We see just this argument in the famous Hartshorne-Schaefer dispute, as discussed by Castree and Burt in Chapters 4 and 7. There, newcomer Fred Schaefer (1953) took on Richard Hartshorne, whose book The Nature of Geography (1939) was seen by many as a kind of grand summation of the discipline. Schaefer argued that far from doing the right thing badly, Hartshorne was doing the wrong thing entirely. He claimed that no one ought to be doing regional geography in the way that Hartshorne had been doing it, and that geographers ought instead to be engaging in work that sees the fundamental geographical unit as the individual person or object, and that sees interrelationships among those elements as definable in abstract and mathematical and spatial terms.

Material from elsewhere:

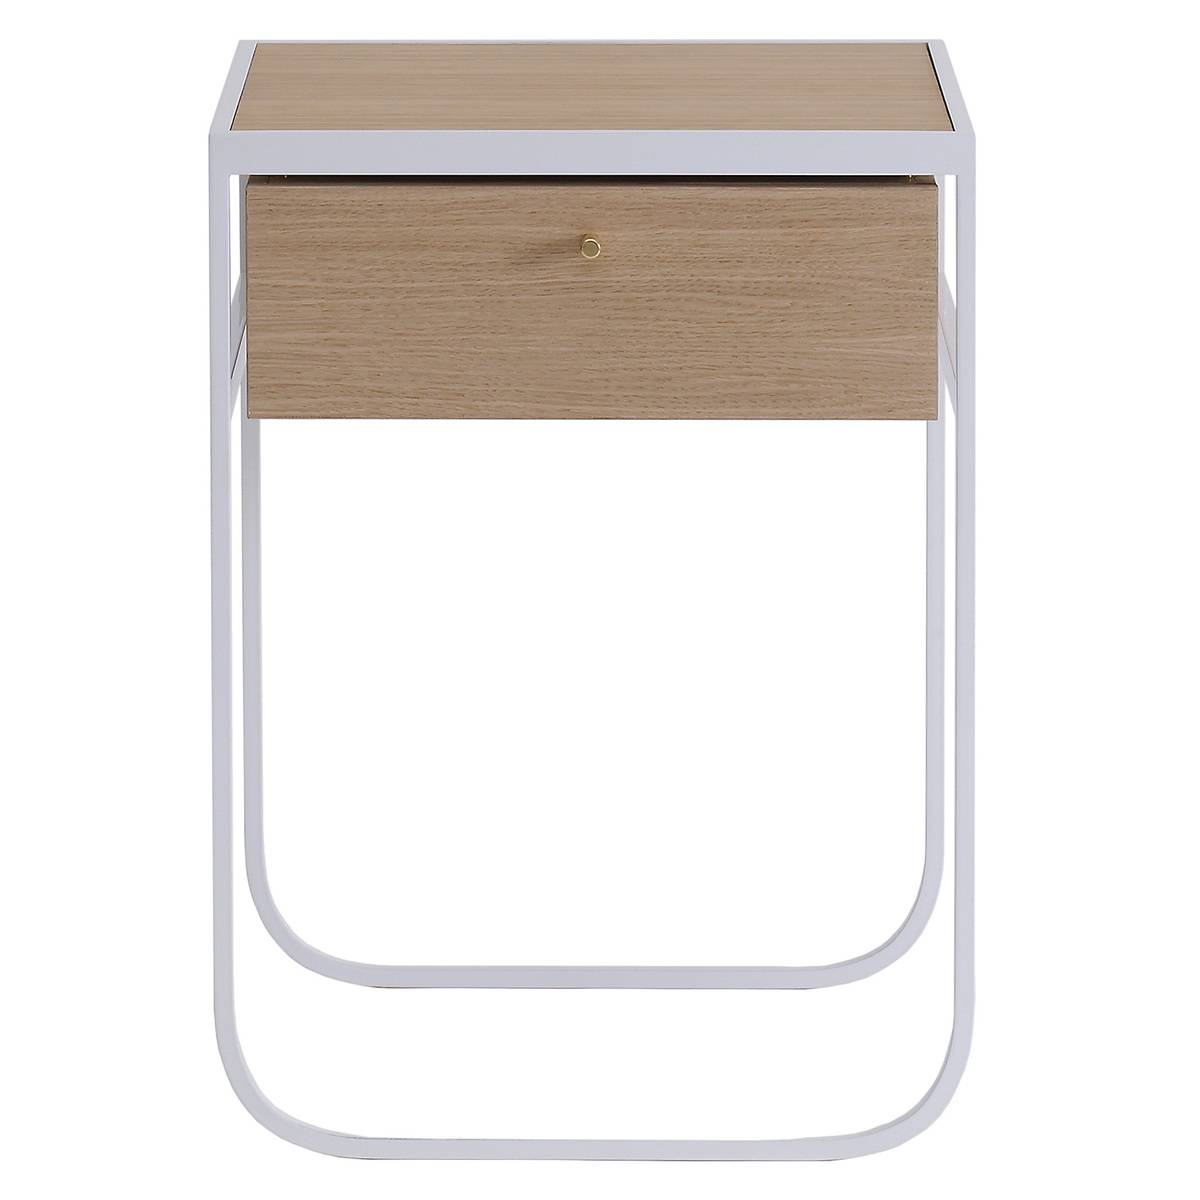 Asplund Nati Tati yöpöytä, valkopetsattu tammi - valkoinen

Many of the advocates of the view that geography ought to be a spatial science held that one of the failings of traditional geography lay in its inability to be objective, in its overt introduction into geography of evaluative or normative notions. But others in this era championed the introduction of such values. Works as otherwise different as Anne Butti-mer's Values in Geography (1974) and David Harvey's Social Justice and the City (1973) took issue with quantitative and spatial geography's claim that values ought to be excised from geography, and argued that all science ought to make explicit the ways in which it incorporates and promotes particular sets of values. So a second metatheoretical divide was between accounts whose goal is to describe the way in which the world works, and those that are normative, describing the ways in which the world should and could work.
In the 1970s there emerged what one might term a counter-revolution against the new, spatial and theoretical, geography. There, humanistic geographers began to argue that geography was not about - or at least, not simply about - region and space, but rather about place (Tuan, 1974; Relph, 1976). This counter-revolution was typically non-theoretical; it shared that with earlier regional geographers. But in another way it claimed that both older regional geographers and newer spatial geographers were off the mark; it argued that central to understanding the workings of the world is not the way the world is - in either the descriptive way advocated by regional geographers or the theoretical way championed by the new spatial scientists. Drawing on works by scholars like Max Weber, Ludwig Wittgenstein, and Peter Winch, it argued that one needs to begin, at least in the human side of the discipline, with an understanding that people act not on the basis of how the world is, but rather on the basis of how they believe the world to be. This was the third divide, between those who believed that one could in principle discover -or create - knowledge that was from a God's-eye point of view, and those who believed that everything that we know and might know is inexorably the product of human thought, perception, and action.